Dentre os primeiros encaminhamentos do pré-natal também está a verificação da vacinação, além do tratamento odontológico, tendo em vista que algumas doenças bucais podem levar ao parto prematuro. “Nos preocupamos o quanto antes em identificar a gestante e iniciar o pré-natal para fazer o diagnóstico da doença ou intercorrência e tratamento disso para evitar que o bebê nasça com alguma doença, anomalia ou que ocorra até um parto prematuro”, ressalta Raquel.
Cuidado masculino
Mesmo ainda pouco difundido, o pré-natal do parceiro já está estabelecido pelo Ministério da Saúde há alguns anos e é praticado na saúde pública de Marechal Rondon. “Além da necessidade de ofertar o atendimento à saúde ao homem, não é porque a mulher está gestante que ela não vai manter relações sexuais. Ela pode e deve, salvo contraindicações médicas, mas quando o parceiro não faz o acompanhamento médico pode ocorrer a transmissão de doenças que podem acometer o feto”, salienta a coordenadora da Atenção Primária e Básica.
Ela expõe que, acima de tudo, deve ser observado que a criança é fruto da união de pai com mãe, de forma que a união de problemas dos dois, quando não detectados, também pode refletir na criança. “O pré-natal do homem vem com um propósito de que não se deve olhar apenas para a gestante e para a criança, porque essa criança também tem um pai e esse cuidado também precisa ser ofertado a ele”, sintetiza.

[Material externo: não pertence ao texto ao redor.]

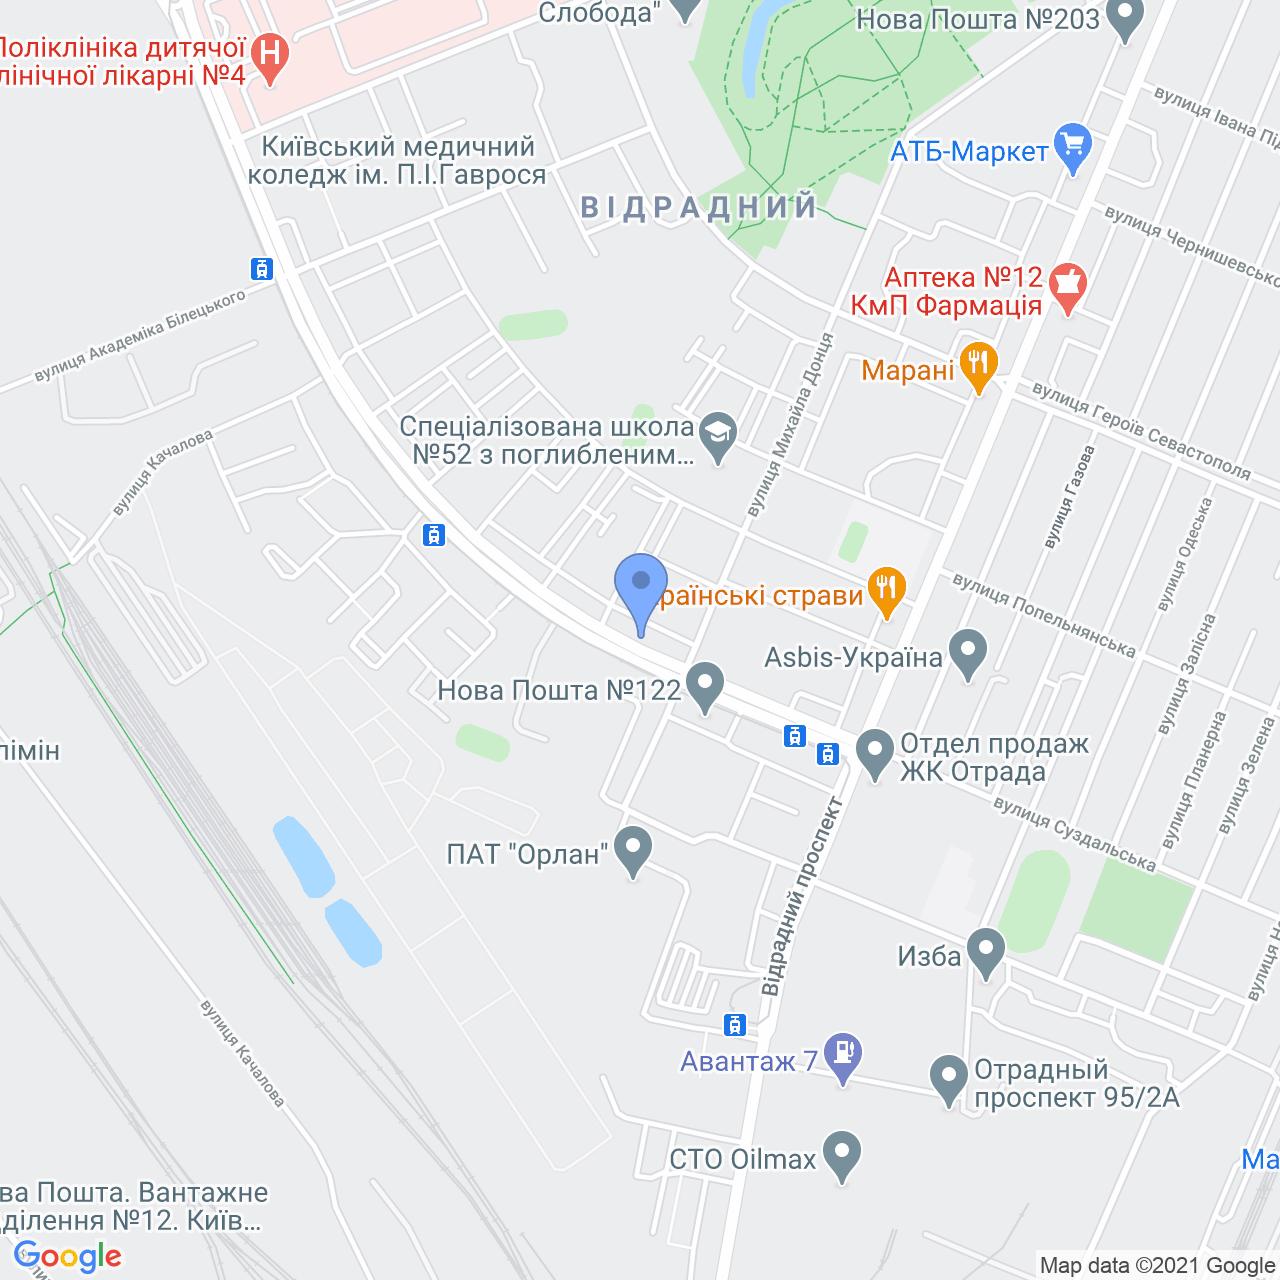 mob object static map

Diferente do pré-natal oferecido à gestante, o protocolo seguido para o público masculino não é tão intenso quanto para as mulheres, porém, há uma lista de exames e consultas que devem ser feitas pelo homem quando sua parceira confirma a gravidez. “São feitos exames de colesterol, diabetes, hemograma, os testes rápidos de HIV, sífilis, hepatite B e C, avaliada as questões de vacinação, pois se o pai tem alguma doença infectocontagiosa, depois que a criança nascer, ele pode colocar o filho em risco, além de ele ser encaminhado para o atendimento do odontologista”, detalha Raquel.
O pré-natal do parceiro também objetiva contextualizar a importância do envolvimento consciente e ativo dos homens nas ações voltadas ao planejamento reprodutivo e familiar que pode ser positivo não apenas para as crianças e mulheres, mas especialmente para os homens, por aproximá-los da arena do afeto e do cuidado. “Buscamos cada vez mais trazer o parceiro para participar do pré-natal, pois é o casal que está grávido. Nas consultas mensais, sempre são passadas orientações que, após o nascimento do bebê, são válidas tanto para o homem quanto para a mulher. Ele será o apoio dela nos momentos do dia a dia com a criança”, diz.